Мы оба выглянули над краем двери.
- Она заворачивает к миссис Левертон, - сказала я.
Я обрадовалась. Воодушевилась. Как будто это отменяет скопище полицейских машин у дома матери. Как будто на самом деле миссис Касл стоит у нас во дворе и рассказывает, что предпочитает сперва поджаривать хлеб для сэндвичей и уж потом отрезать корки. Что сливочный сыр и лук-резанец, хоть к ним не сразу привыкнешь, всегда были ее любимым обедом.
- Там есть номер Эмили? - спросил Джейк.
- Что?
- Ты сказала, номер Сары над телефоном. А номер Эмили?
- Его нет, после случая с Лео. Эмили попросила меня убрать его.
- Твоя мать умела обращаться с детьми.
- Я убила ее, Джейк.
- Я знаю.
- Они ведь узнают?
- Возможно. Да.
- Как скоро?
- Не знаю. Скоро.
- Лучше бы я умерла вместе с ней.
Я не собиралась говорить и даже чувствовать это. И все же…
Он не ответил, и внезапно я задумалась, сказала ли это вслух или только мысленно. Я больше никогда не увижу мать. Я больше никогда не расчешу ей волосы и не накрашу ногти.
- Яд и лекарство - часто одно и то же, все дело в пропорции, - сказала я. - Я прочла это в брошюре, когда ждала мать у врача.
Я не сказала ему, что, на мой взгляд, то же относится и к любви. Мне хотелось коснуться его, но я боялась, что он отпрянет.
- В конце концов ей стало легче покидать дом. Я могла возить ее по врачам с одним только банным полотенцем. Ей понадобилось сорок лет, но она продвинулась от одеял к полотенцам.
Джейк размышлял, а я смотрела прямо вперед, на низкую бетонную подпорную стену, окружавшую парковку.
Я всегда не сразу узнавала его без собаки. Он потерял последнего из пяти спаниелей короля Карла два года назад и решил, что слишком стар, чтобы рискнуть завести еще одного.

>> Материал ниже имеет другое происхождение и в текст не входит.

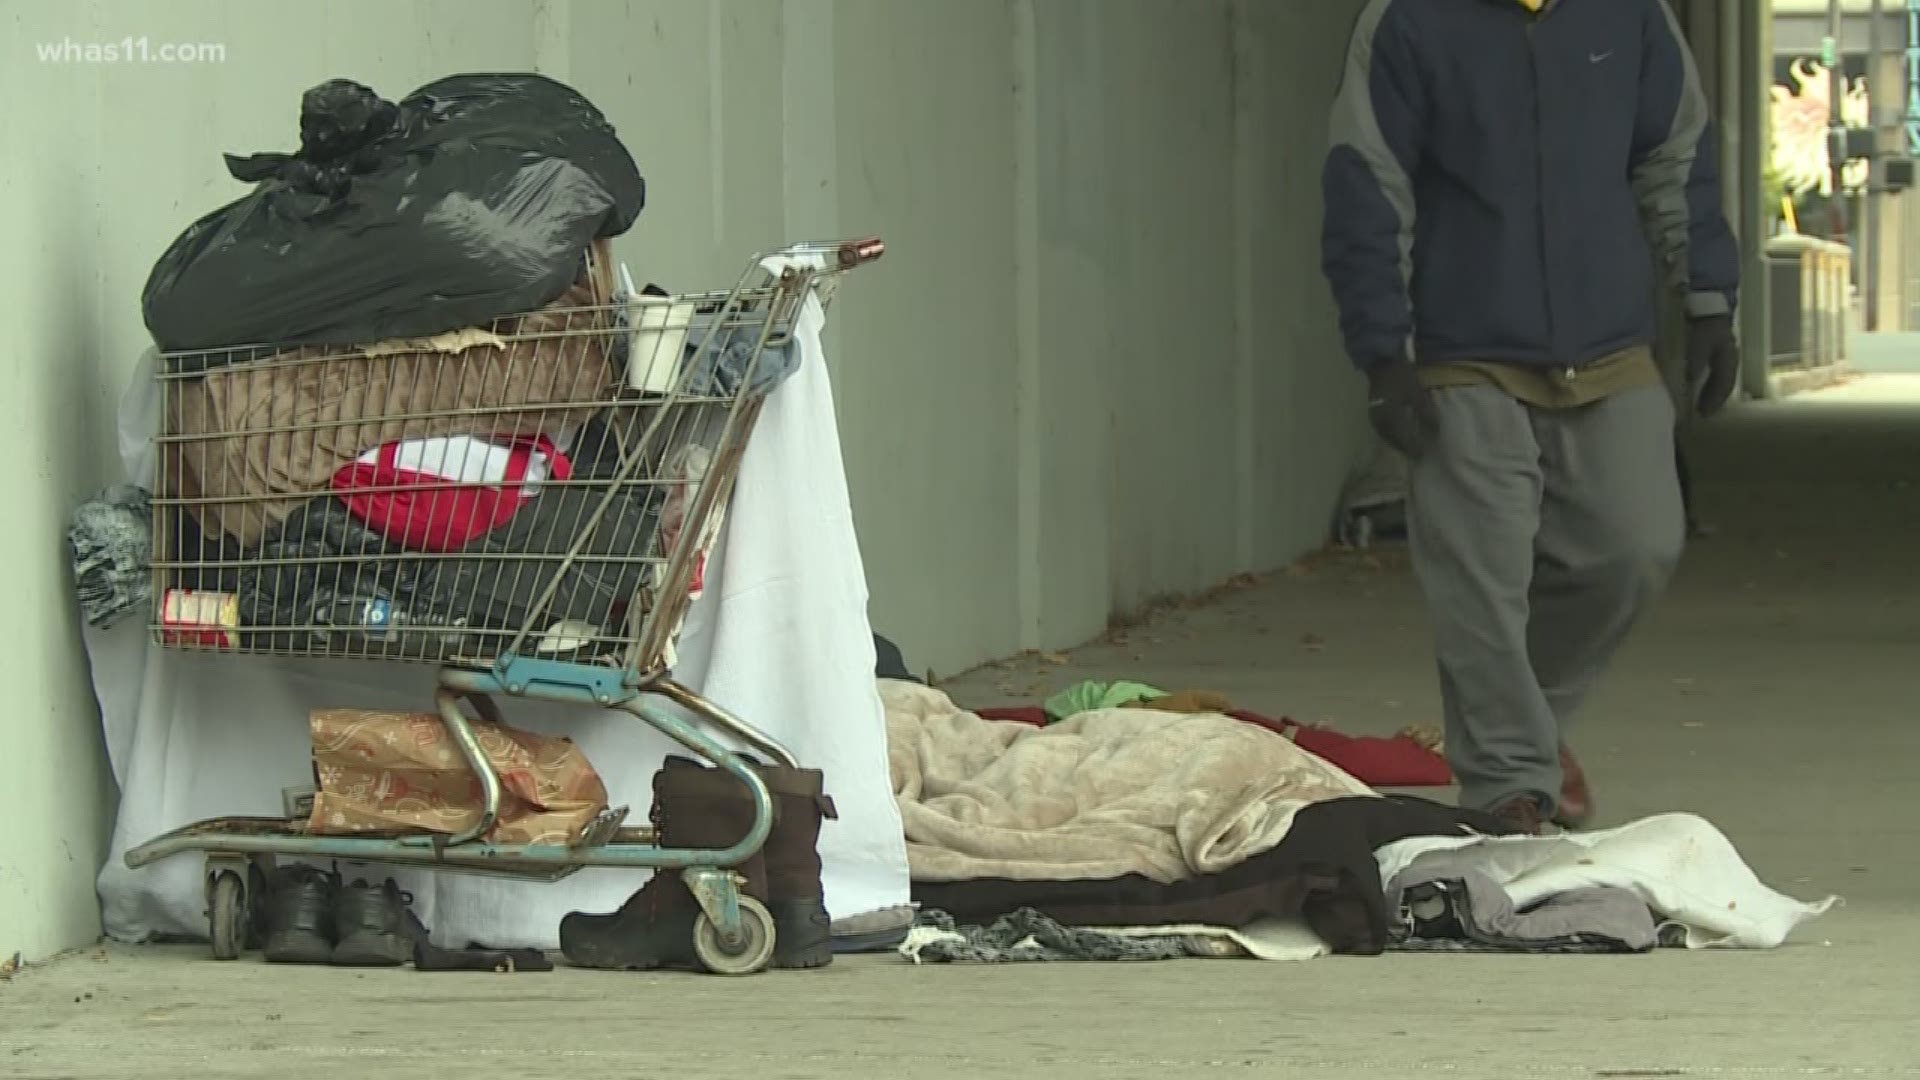 Metro Councilwoman Barbara Sexton Smith joined WHAS11 alongside Eric Friedlander of the mayor's homeless task force to discuss solutions to Louisville's growing homeless population.

- Собаки не понимают, когда мы покидаем их, - сказал он как-то раз, когда мы встретились на тротуаре у дома матери.
- Там мистер Форрест.
Я указала на щеголеватого старика на холме над подпорной стеной.
- Да, ее единственный друг, - откликнулся Джейк.

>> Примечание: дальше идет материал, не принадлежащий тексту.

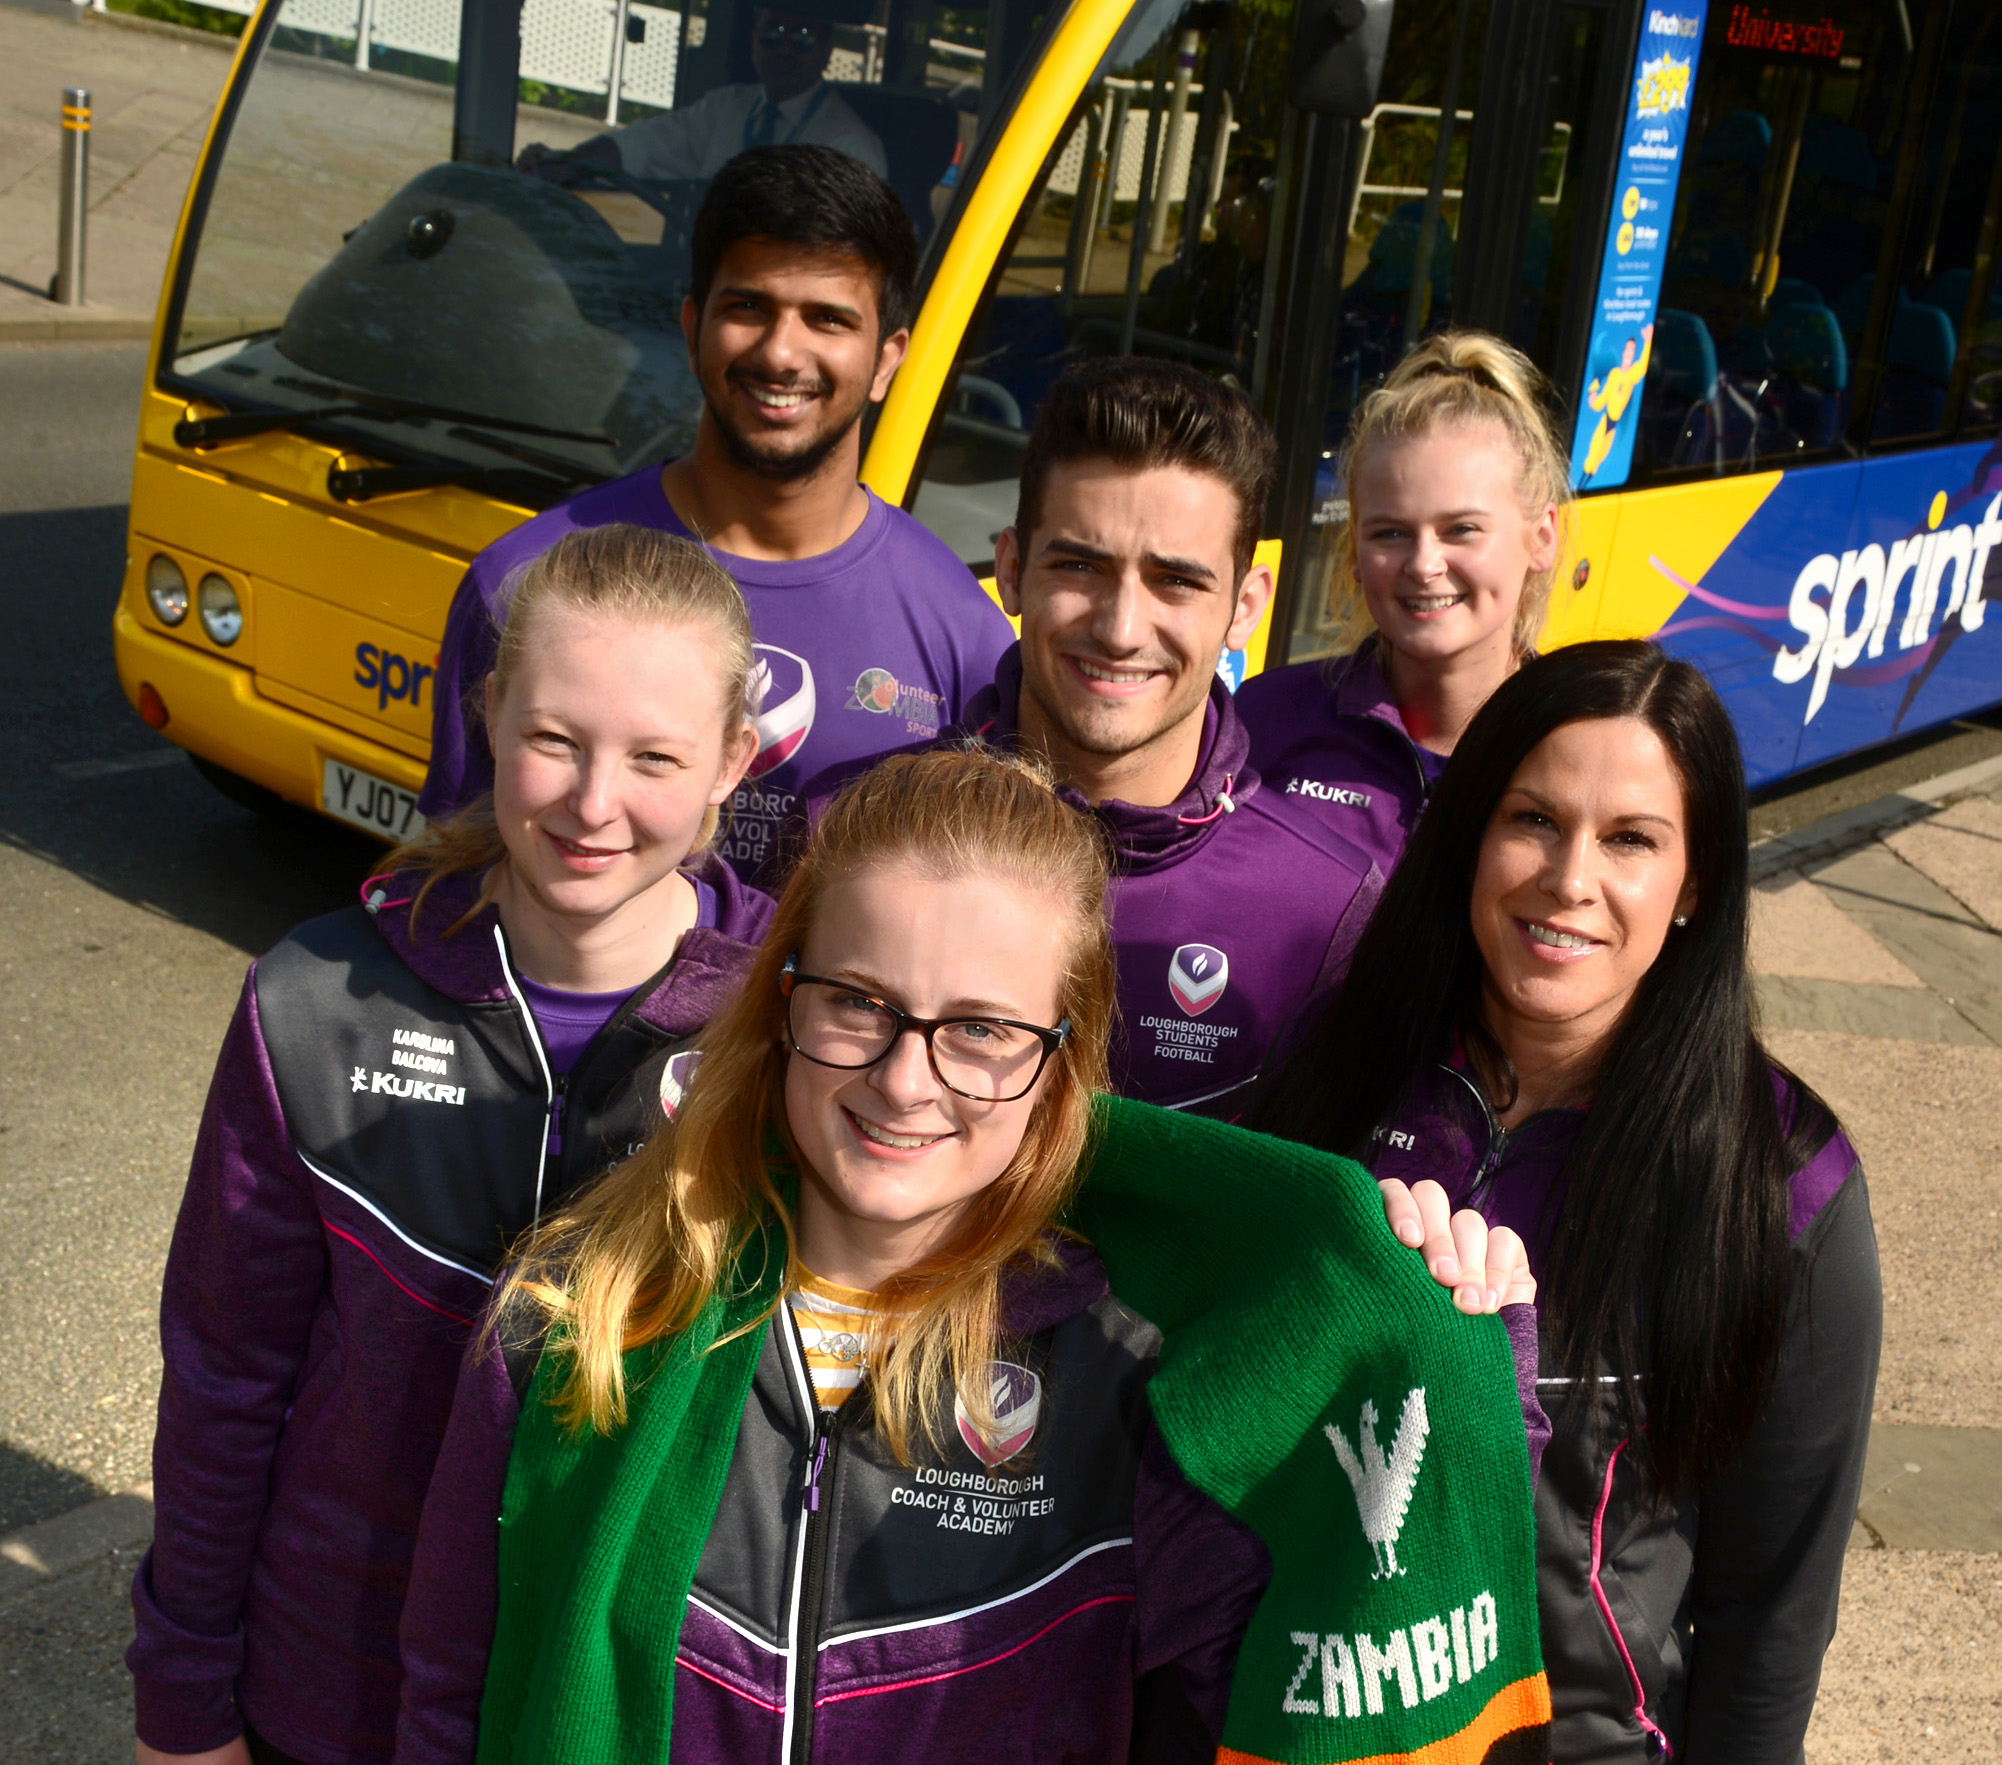 Kinchbus sprints to support Zambia students

Вдали миссис Левертон погружали в "скорую". Медбрат держал какую-то капельницу, голова миссис Левертон торчала из-под простыни. Почти одновременно остановился дымчато-серый "мерседес", из которого вылез ее богатый сынок. С холма передо мной за происходящим наблюдал мистер Форрест. На нем были жесткие брюки в рубчик со стрелкой и серый фланелевый пиджак, под который, похоже, была надета целая куча свитеров и водолазок, чтобы не замерзнуть в непредсказуемую осеннюю погоду. Кашемировое кашне - он глубоко верил в кашемир - было плотно намотано на шею. Я знала, что ему по меньшей мере семьдесят пять. Он перестал заглядывать к матери вскоре после самоубийства отца.

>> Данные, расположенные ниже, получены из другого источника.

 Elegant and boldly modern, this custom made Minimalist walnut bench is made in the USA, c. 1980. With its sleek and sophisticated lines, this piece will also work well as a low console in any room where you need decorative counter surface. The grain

- Думаю, нам надо уехать, - сообщил Джейк.
Я смотрела на мистера Форреста. Словно почувствовав, он повернул к нам голову. Его очки были теми же, что и всегда - в толстой квадратной черепаховой оправе, - и он мог разглядеть меня через слабо тонированное ветровое стекло чужой машины. Я сглотнула.
- Ты меня слышала? Я хочу, чтобы ты дала задний ход и уехала тем же путем. Быстро.
Кивок мистера Форреста в моем направлении стал одной из самых трудноуловимых вещей в моей жизни.
- Хорошо.
Я повернула ключ в зажигании. Осторожно дала задний ход и уехала.
О мистере Форрссте я ничего не сказала. Чувствовала, как воздвигается некая неотвратимость, но не хотела вглядываться слишком далеко.
- Поедешь в Уэстмор, - сказал Джейк, - а я позвоню Саре.
- И что ты ей скажешь?
- Ничего, Хелен. Я не знаю! - взвился он.
Мы ехали из города вдоль рельсов на подъездной дороге. Как беглецы. Это было ужасно. Мне ненавистна была мысль о том, что даже труп матери все еще обладает такой властью. Увидев прямо перед собой гравийную насыпь, я въехала на нее. Колеса прокрутились и замерли.
- Что ты творишь?
Я прижалась лбом к рулю. Оцепенела.
- Я должна вернуться.
- Черта с два.
- Что?
Никогда не видела Джейка таким злым.
- Я вернусь. Я расскажу им, что сделала. Ты будешь свободен и чист.
Слезы потекли по моему лицу, и я повернулась, чтобы выйти. Он перегнулся через меня, удерживая дверь.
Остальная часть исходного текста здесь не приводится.